In deze zaak heeft verzoekster op 9 mei 2023 beroep ingesteld tegen het niet-tijdig beslissen op haar aanvraag om een machtiging tot voorlopig verblijf (mvv). De staatssecretaris van Justitie en Veiligheid, als verweerder, heeft op dezelfde datum de aanvraag ingewilligd. Verzoekster heeft vervolgens het beroep ingetrokken en verzocht om vergoeding van de proceskosten. De rechtbank heeft op basis van artikel 8:54, eerste lid, van de Algemene wet bestuursrecht (Awb) uitspraak gedaan zonder zitting.

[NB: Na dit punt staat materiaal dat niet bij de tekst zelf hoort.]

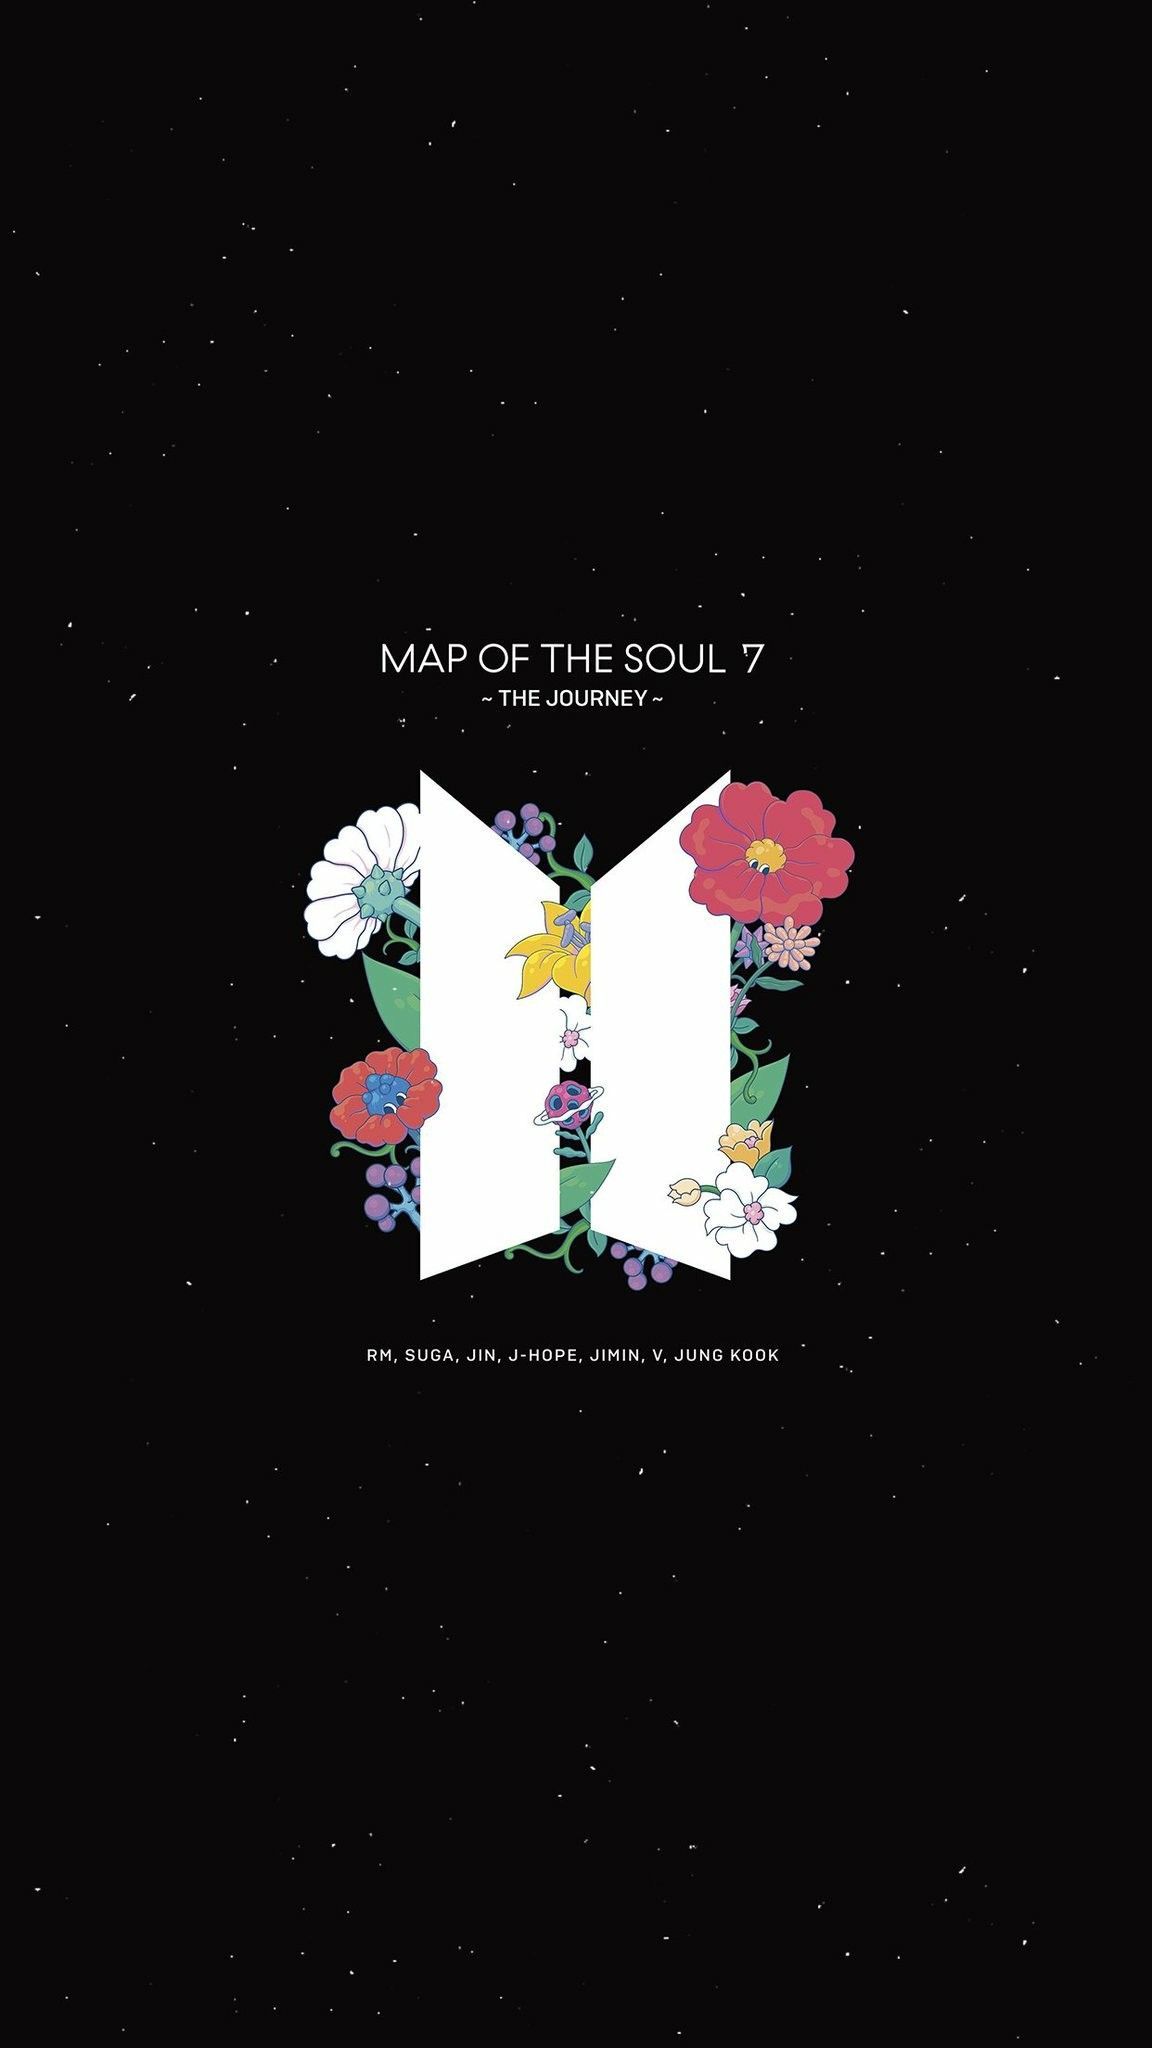 BTS JAPANESE ALBUM. MAP OF THE SOUL 7, THE JOURNEY. WALLPAPERS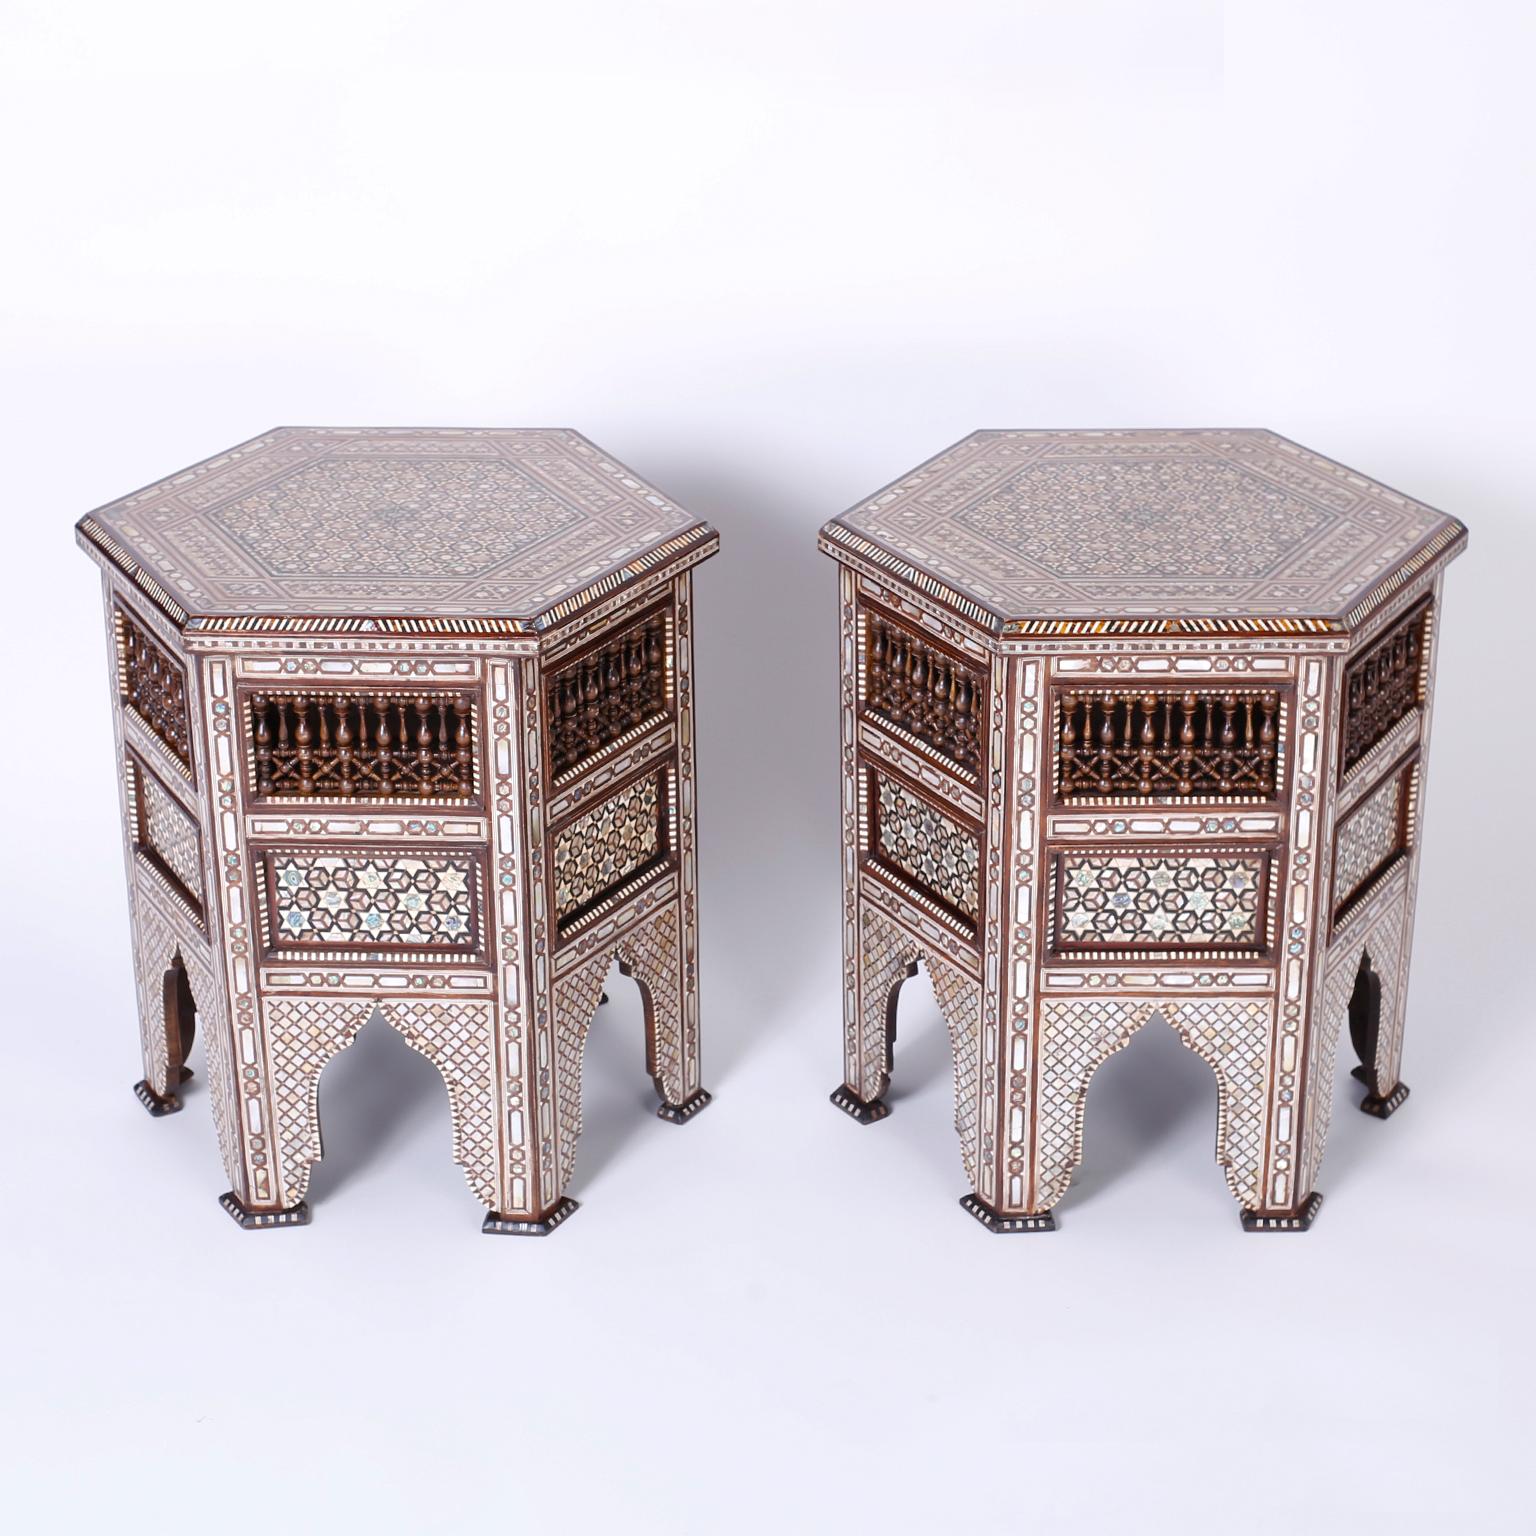 Stand out pair of Syrian walnut tables with a hexagon form and featuring elaborate geometric inlays of mother of pearl, bone and exotic hardwoods, stick and ball panels and six legs separated by Moorish arches. Best of the genre.

De rechtbank overweegt dat de veroordeling van een partij in de proceskosten is geregeld in de artikelen 8:75 en 8:75a van de Awb, en dat als een beroep wordt ingetrokken omdat het bestuursorgaan tegemoet is gekomen aan de indiener, de rechtbank op verzoek van de indiener het bestuursorgaan kan veroordelen in de proceskosten. In dit geval heeft verweerder niet tijdig beslist op de aanvraag van verzoekster, en heeft deze aanvraag hangende het beroep ingewilligd, waardoor verweerder geheel aan het beroep van verzoekster tegemoet is gekomen.
De rechtbank heeft het verzoek om proceskostenvergoeding als kennelijk gegrond toegewezen en de proceskosten vastgesteld op € 418,50, gebaseerd op de door een derde verleende rechtsbijstand. De rechtbank heeft de wegingsfactor 'licht' toegepast, aangezien het beroep enkel betrekking had op het niet tijdig nemen van een besluit. Daarnaast heeft de rechtbank verweerder erop gewezen dat hij verplicht is het door verzoekster betaalde griffierecht van € 184 te vergoeden. De rechtbank heeft de beslissing openbaar gemaakt en verzoekster geïnformeerd over de mogelijkheid tot het indienen van een verzetschrift indien zij het niet eens is met de uitspraak.